Djokovic wins 14th major
NEW YORK — The U.S. Open final suddenly appeared to be slipping away from Novak Djokovic. He dropped three consecutive games. He was angered by a crowd roaring for his popular opponent, Juan Martin del Potro. He was, in short, out of sorts.
And then came Sunday’s pivotal game, a 20-minute, 22-point epic. Three times, del Potro was a point from breaking and earning the right to serve to make it a set apiece. Three times, Djokovic steeled himself. Eventually, he seized that game — and del Potro’s best chance to make a match of it.

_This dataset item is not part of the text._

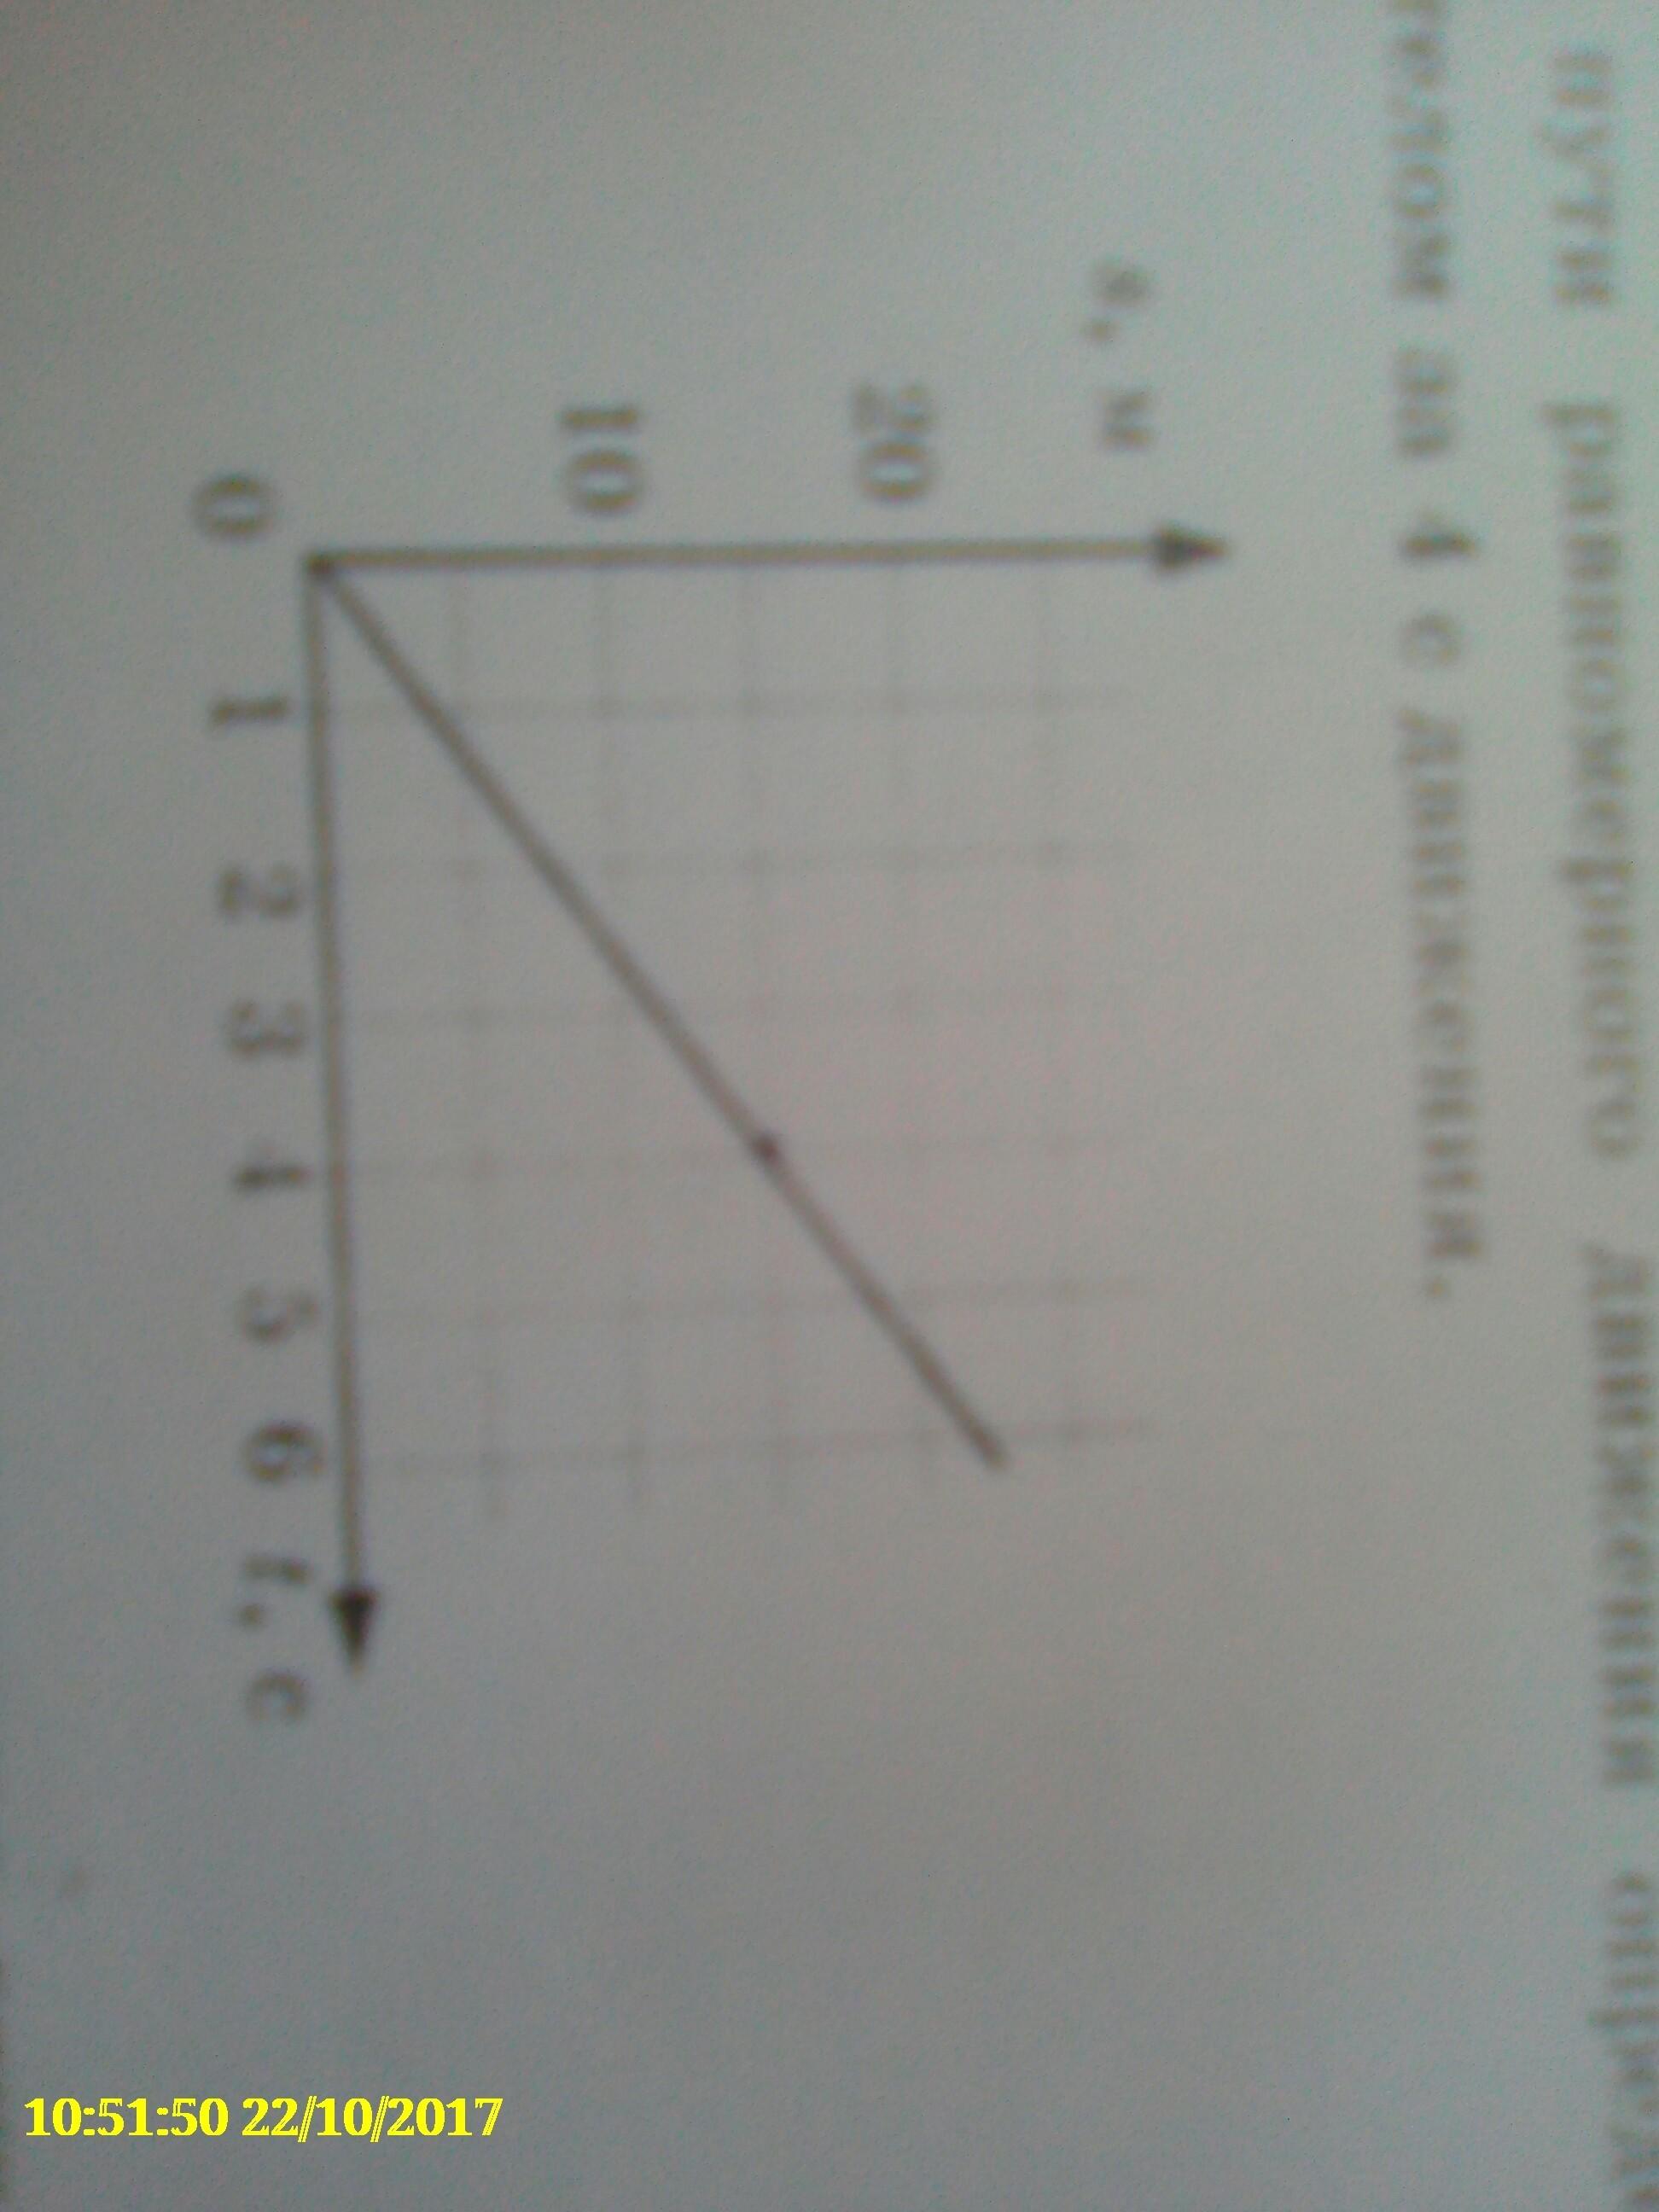 Физика, привет, ребята)))  По графику пути равномерного движения определите путь, пройденный телом за 4 сек. движения. Даю двадцать баллов, сорри за качество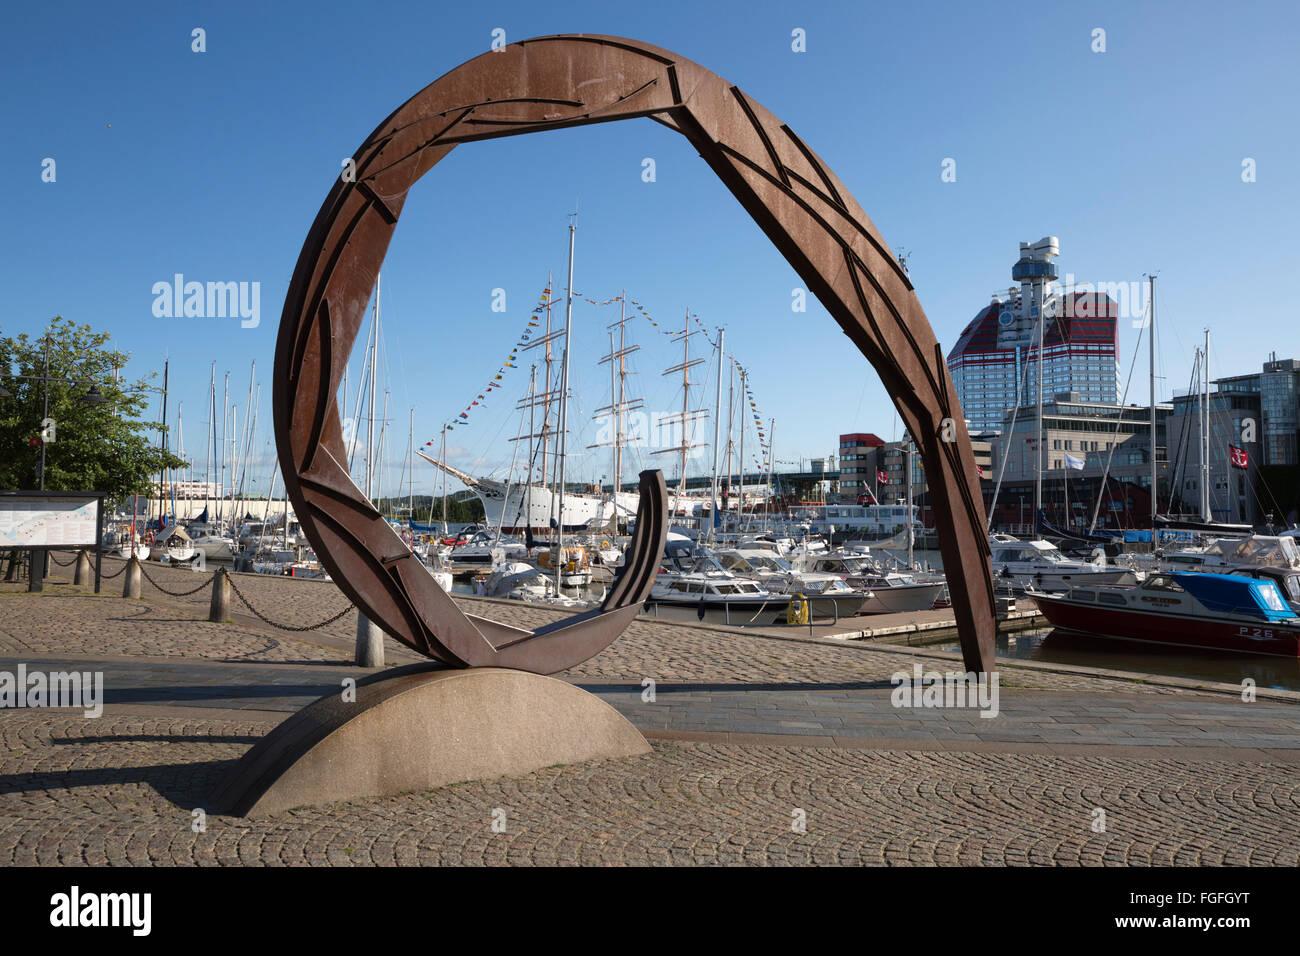 Lilla Bommen Göteborgs-Utkiken Harbour y el edificio (el pintalabios), Gotemburgo, West Gothland, Suecia, Escandinavia, Europa Foto de stock

A year after missing the U.S. Open because of an injured right elbow that would require surgery, Djokovic showed that he is unquestionably back at his best and back at the top of tennis. His returns and defense-to-offense skills as impeccable as ever, Djokovic collected his 14th Grand Slam title and second in a row by getting through every crucial moment for a 6-3, 7-6 (4), 6-3 victory over 2009 champion del Potro at Flushing Meadows.
This was Djokovic’s third championship in New York, along with those in 2011 and 2015. Add in the trophies he has earned at six Australian Opens, one French Open and four Wimbledons, most recently in July, and the 31-year-old Serb pulled even with Pete Sampras for the third-most majors among men, trailing only Roger Federer’s 20 and Rafael Nadal’s 17.
“I was hoping he was going to be here, but he’s not,” Djokovic said about Sampras. “He’s my idol. Pete, I love you.”
Federer lost in the fourth round in New York, while Nadal retired from his semifinal against del Potro because of a bad right knee. That put the 29-year-old Argentine back in a Grand Slam final for the first time since his breakthrough nine years ago, a comeback for a guy who had four wrist operations in the interim.
“I’d just like to congratulate Juan Martin … for still having faith, for still having belief in himself,” said Djokovic, who gave his pal a hug at the net, and then went over to console del Potro as he wiped away tears at his sideline seat. “I believe he’ll be here again with the champion’s trophy. I really do.”
Del Potro spoke this week about the low point, in 2015, when he considered quitting the sport. But supported by a dozen or so friends from back home, whose “Ole!” choruses rang around the arena, he climbed up the rankings to a career-high No. 3 by thundering his 100 mph (160 kph) forehands and 135 mph (215 kph) serves.
Those produce free points against so many foes. Not against Djokovic, who always seemed to have all the answers.
Djokovic was better than del Potro on their many lengthy exchanges, using his trademark body-twisting, limb-splaying court coverage to get to nearly every ball, sneakers squeaking around the blue court in Arthur Ashe Stadium, where the roof was closed because of rain.